[[ Information supplied, beginning ]]

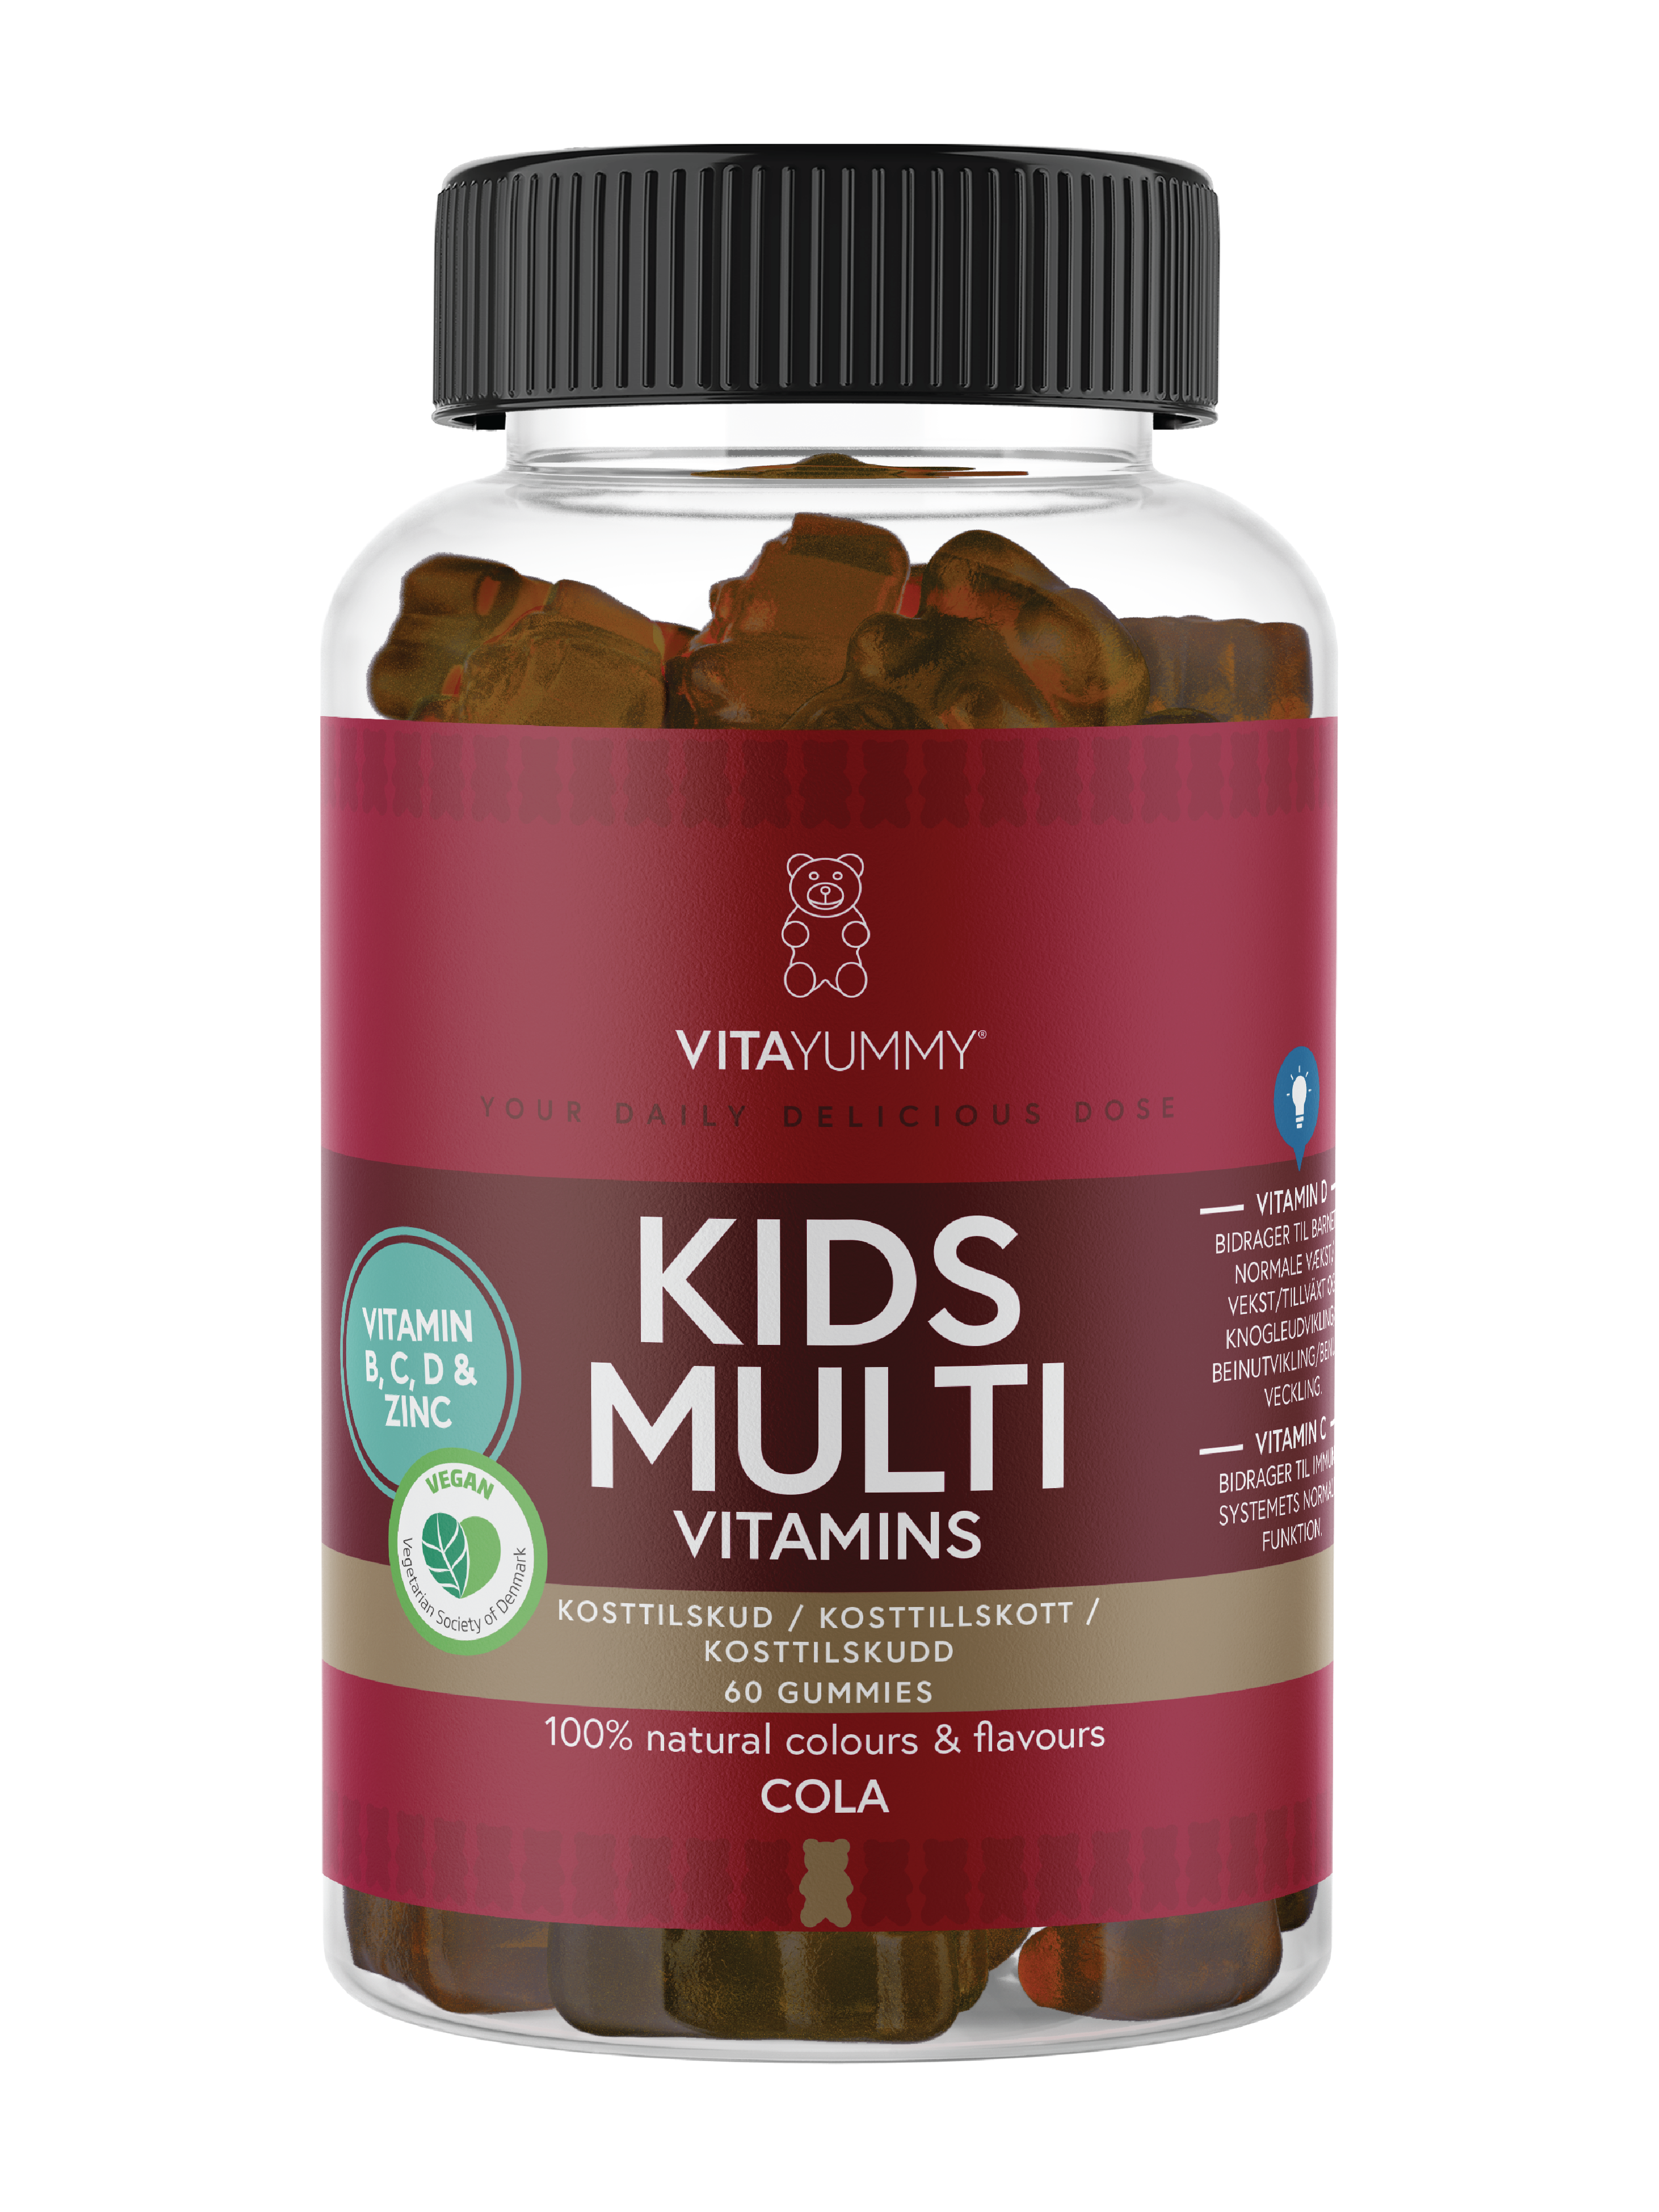 VitaYummy Kids Multi Vitamins, Cola, 60 stk.
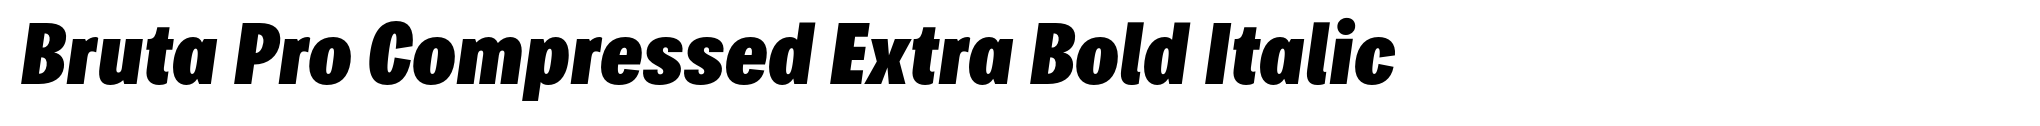 Bruta Pro Compressed Extra Bold Italic image
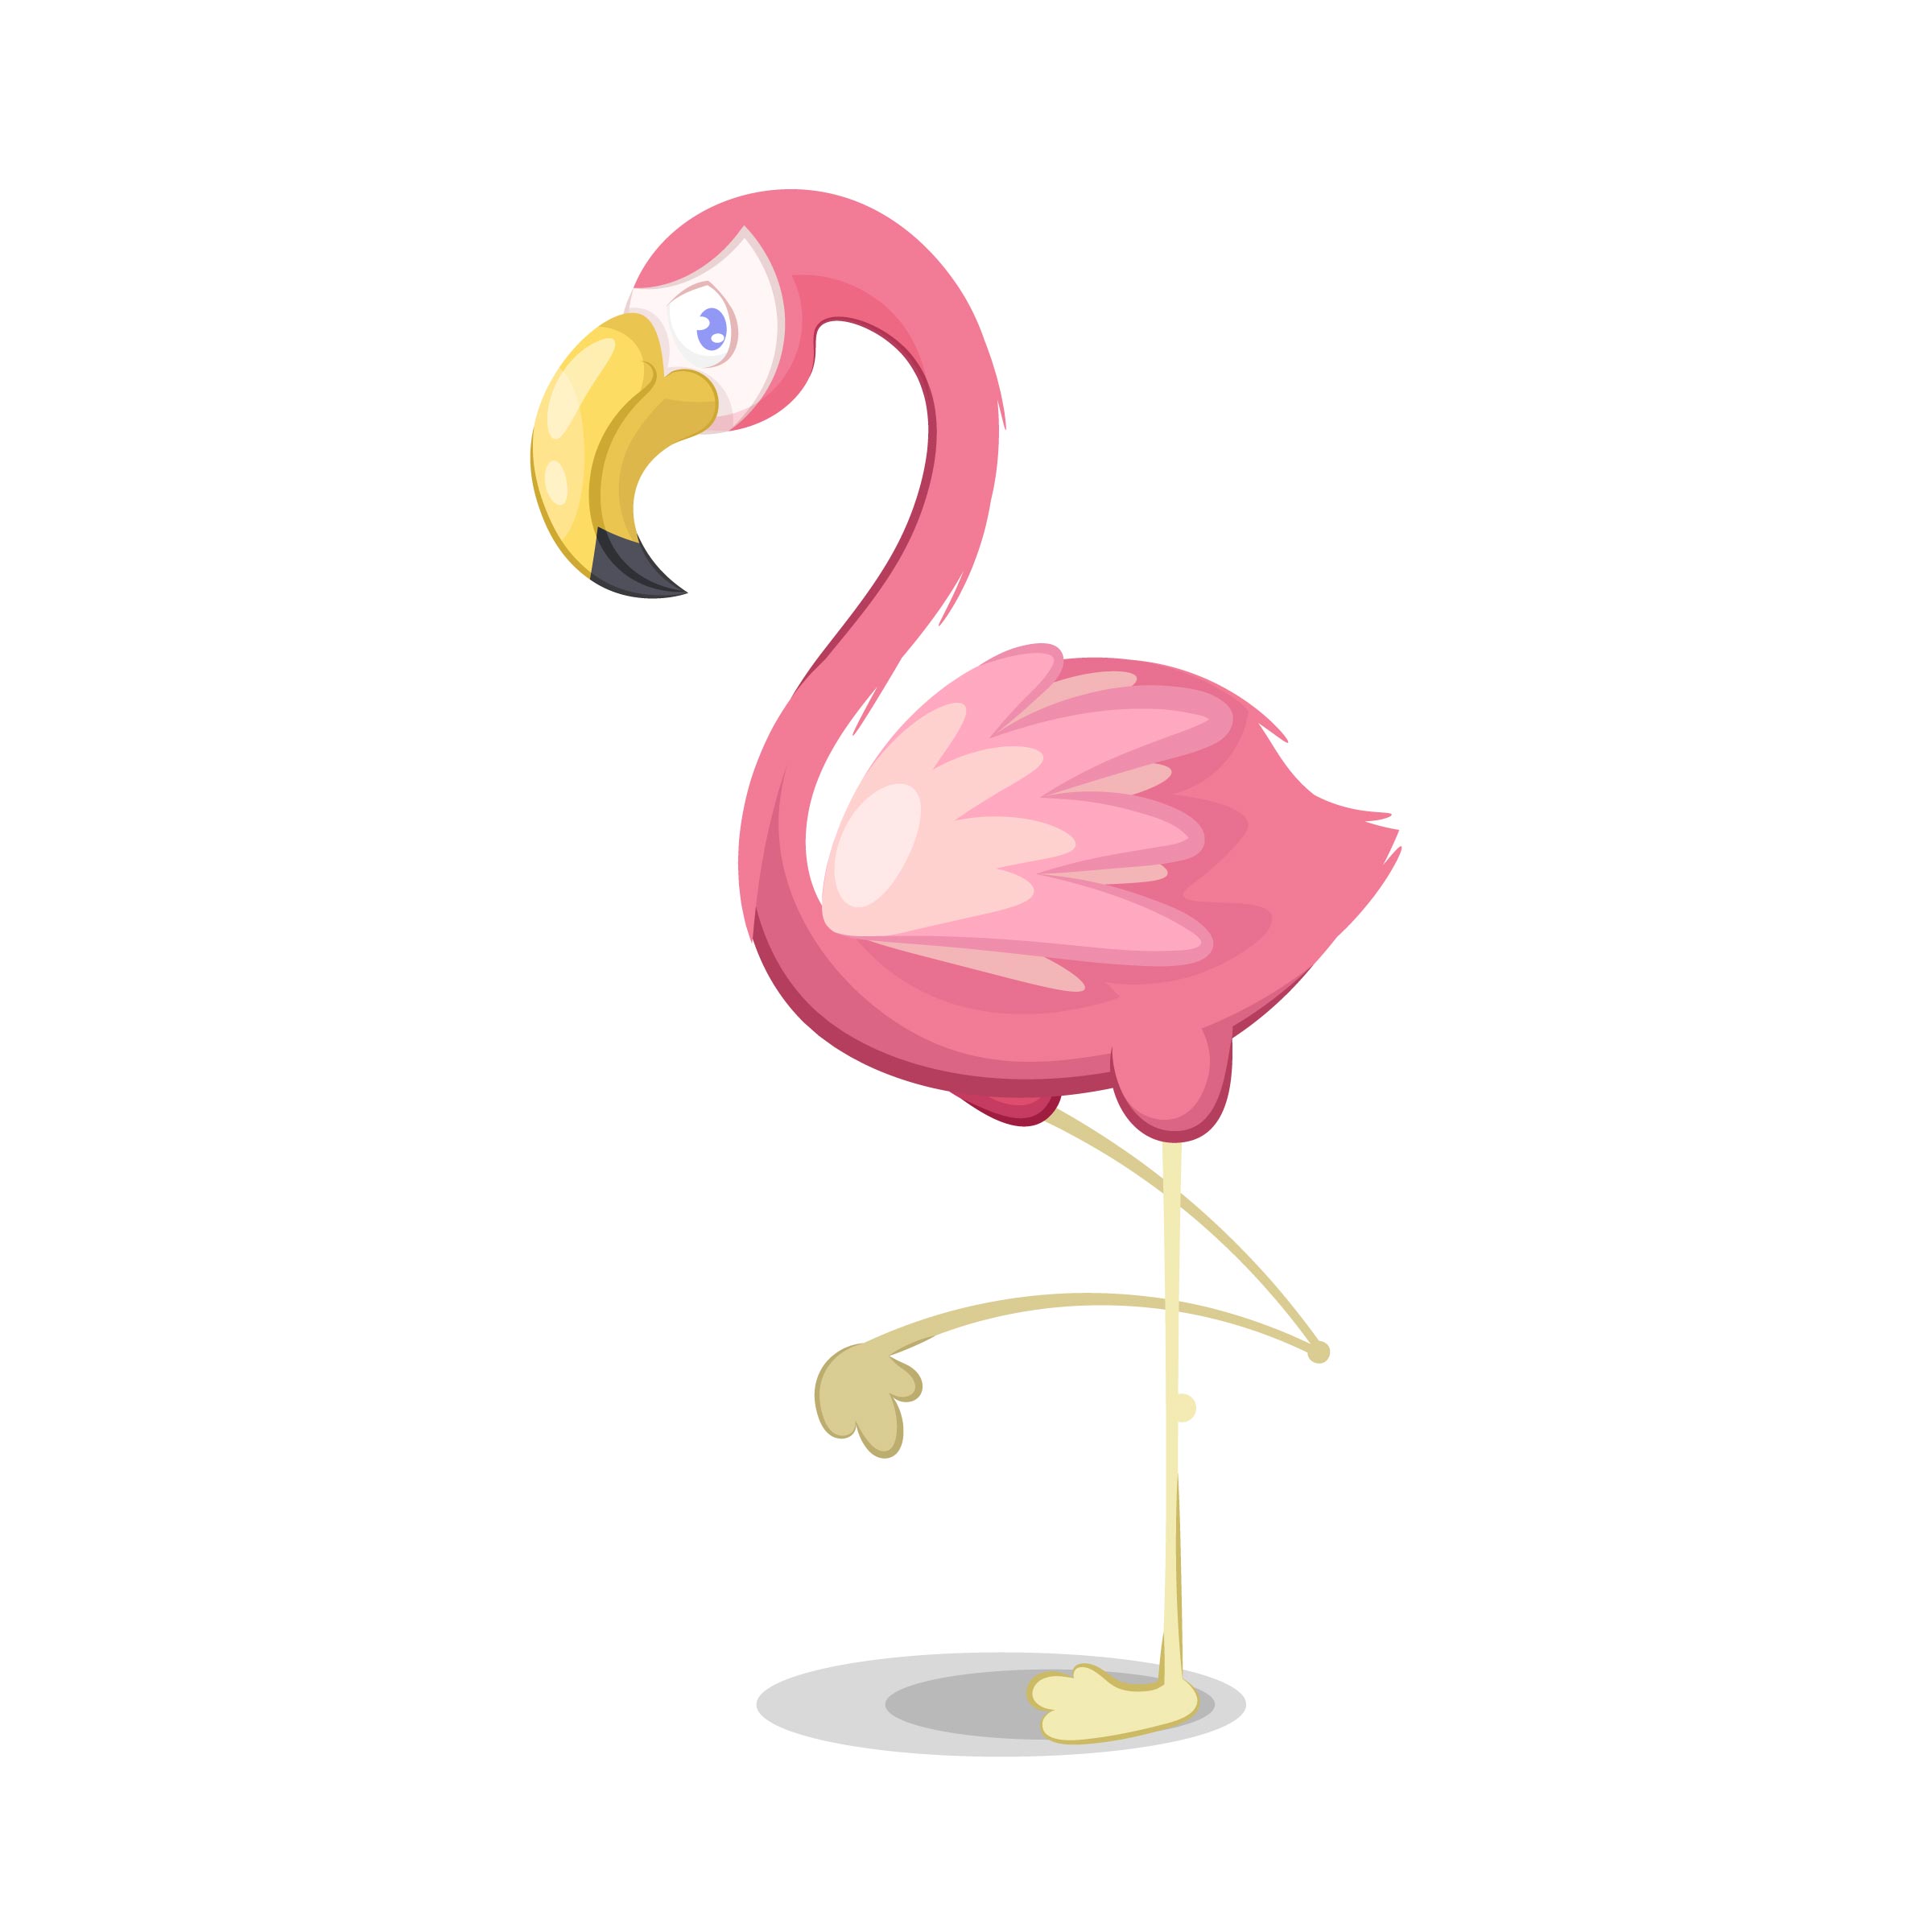 Illustration of pink flamingo Download Free Vectors

[[ Information supplied, end ]]

Transcribe word for word only the lines from the one with "Bruta Pro Compressed Extra Bold Italic image" through the end of the listing; every picture is to be omitted.

* [Response area]:
 Bruta Pro Compressed Extra Bold Italic image
 Illustration of pink flamingo Download Free Vectors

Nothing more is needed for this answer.